Task statement: Set down every line of the data exactly, skipping the pictures.

Collected material:
::::

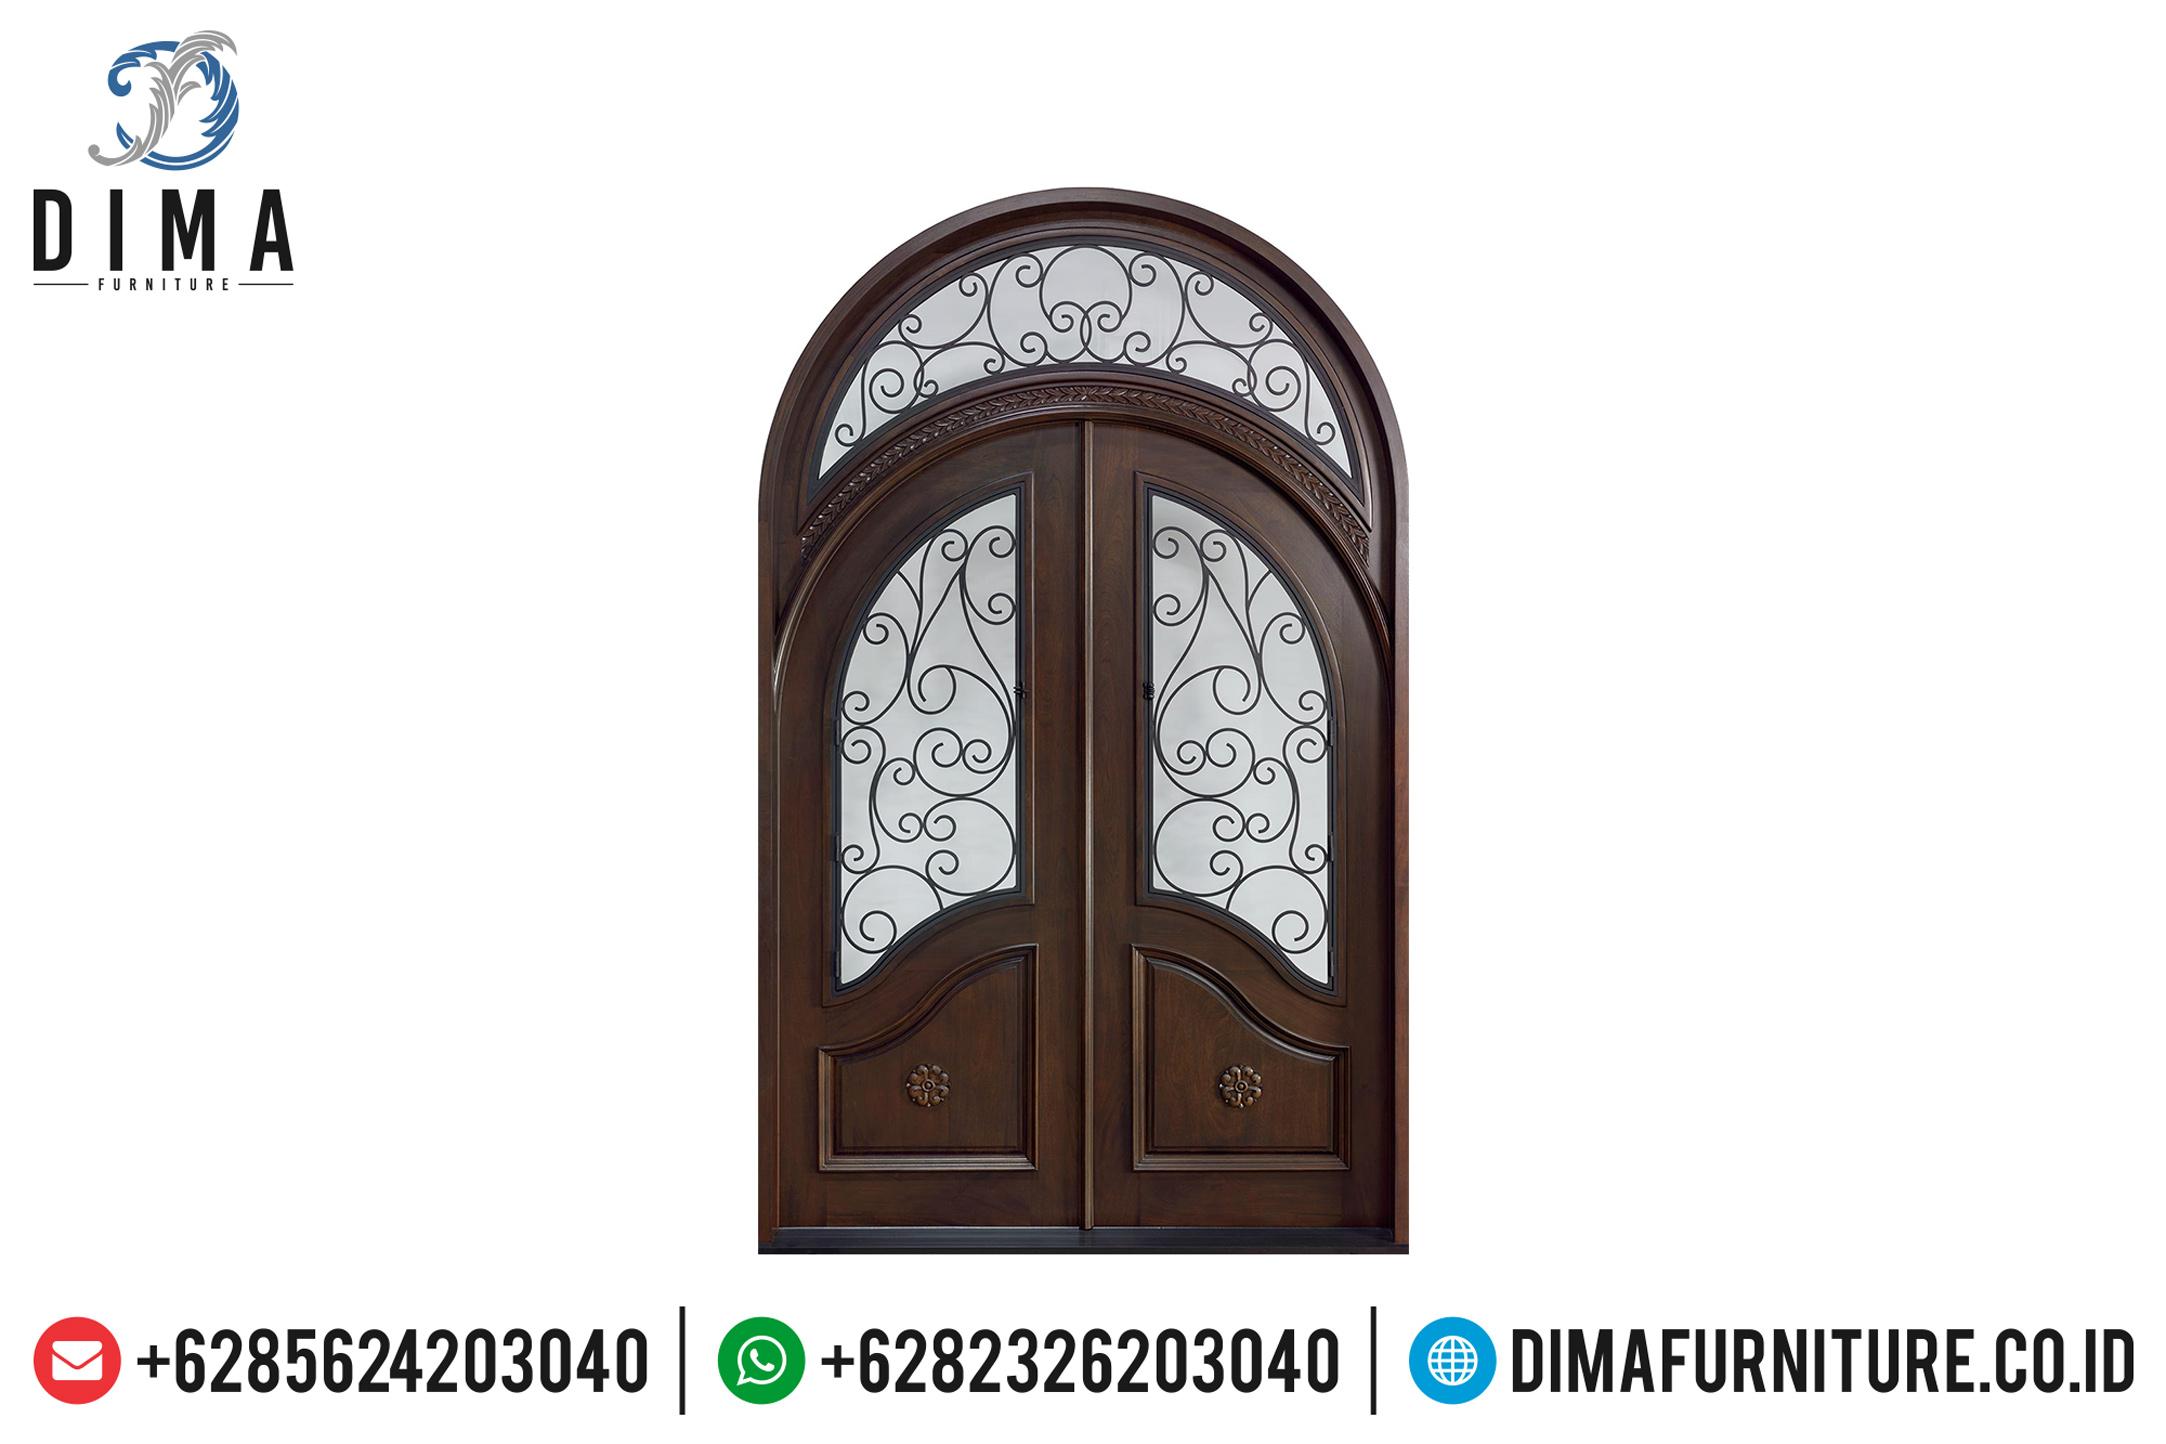 Desain Pintu Rumah Mewah Klasik Bahan Jati Jepara DF-0741
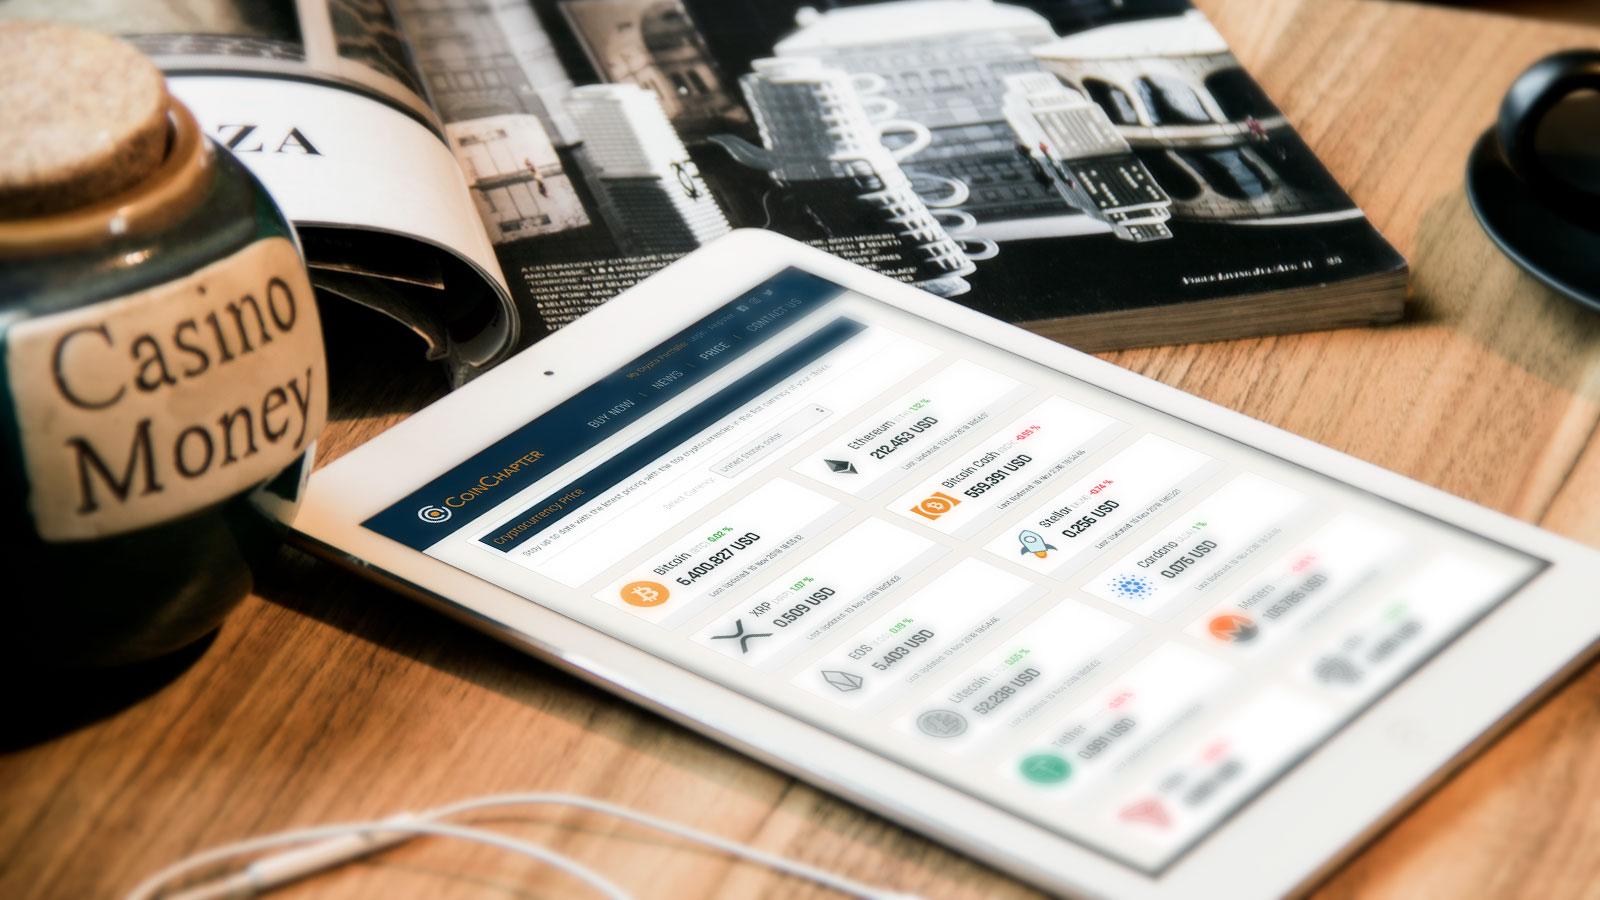 iPad_06.1.jpg
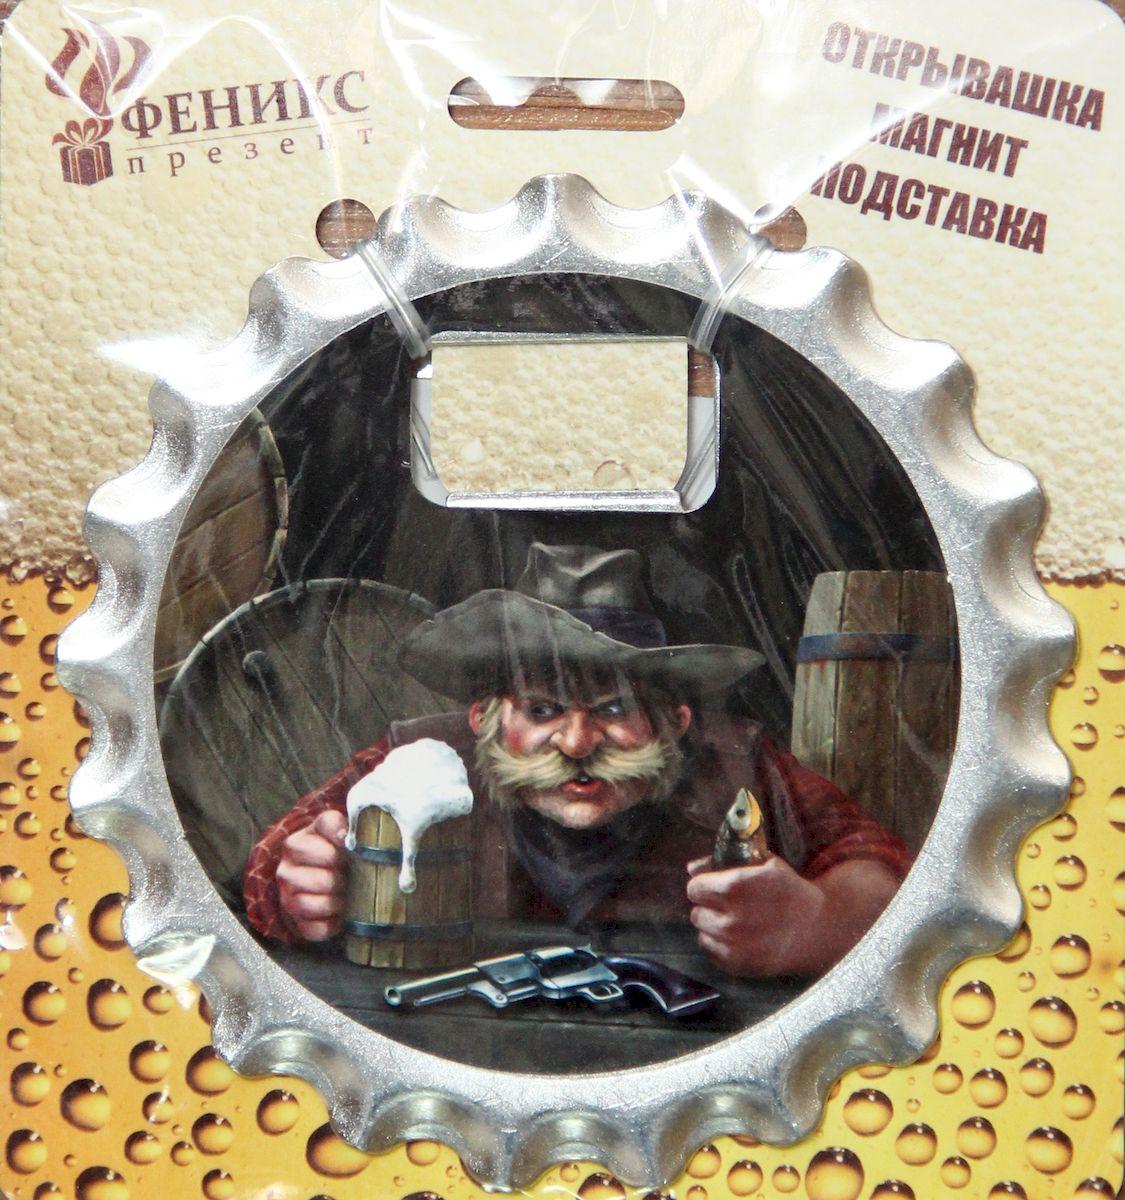 Ключ для открывания бутылок Magic Home Бандит, с магнитом41196Ключ для открывания бутылок - это полезный и нужный прибор в каждом доме. Он представляет собой подставку под пивной стакан с отверстием для удобного снятия металлических пробок с бутылок. Лицевая сторона украшена оригинальным изображением, а на оборотной стороне закреплены магнит и три пробковые вставки для защиты поверхности стола от повреждений. Изделие выполнено из оцинкованного металла.

::::

Output below:
 Desain Pintu Rumah Mewah Klasik Bahan Jati Jepara DF-0741
 iPad_06.1.jpg
 Ключ для открывания бутылок Magic Home Бандит, с магнитом41196Ключ для открывания бутылок - это полезный и нужный прибор в каждом доме. Он представляет собой подставку под пивной стакан с отверстием для удобного снятия металлических пробок с бутылок. Лицевая сторона украшена оригинальным изображением, а на оборотной стороне закреплены магнит и три пробковые вставки для защиты поверхности стола от повреждений. Изделие выполнено из оцинкованного металла.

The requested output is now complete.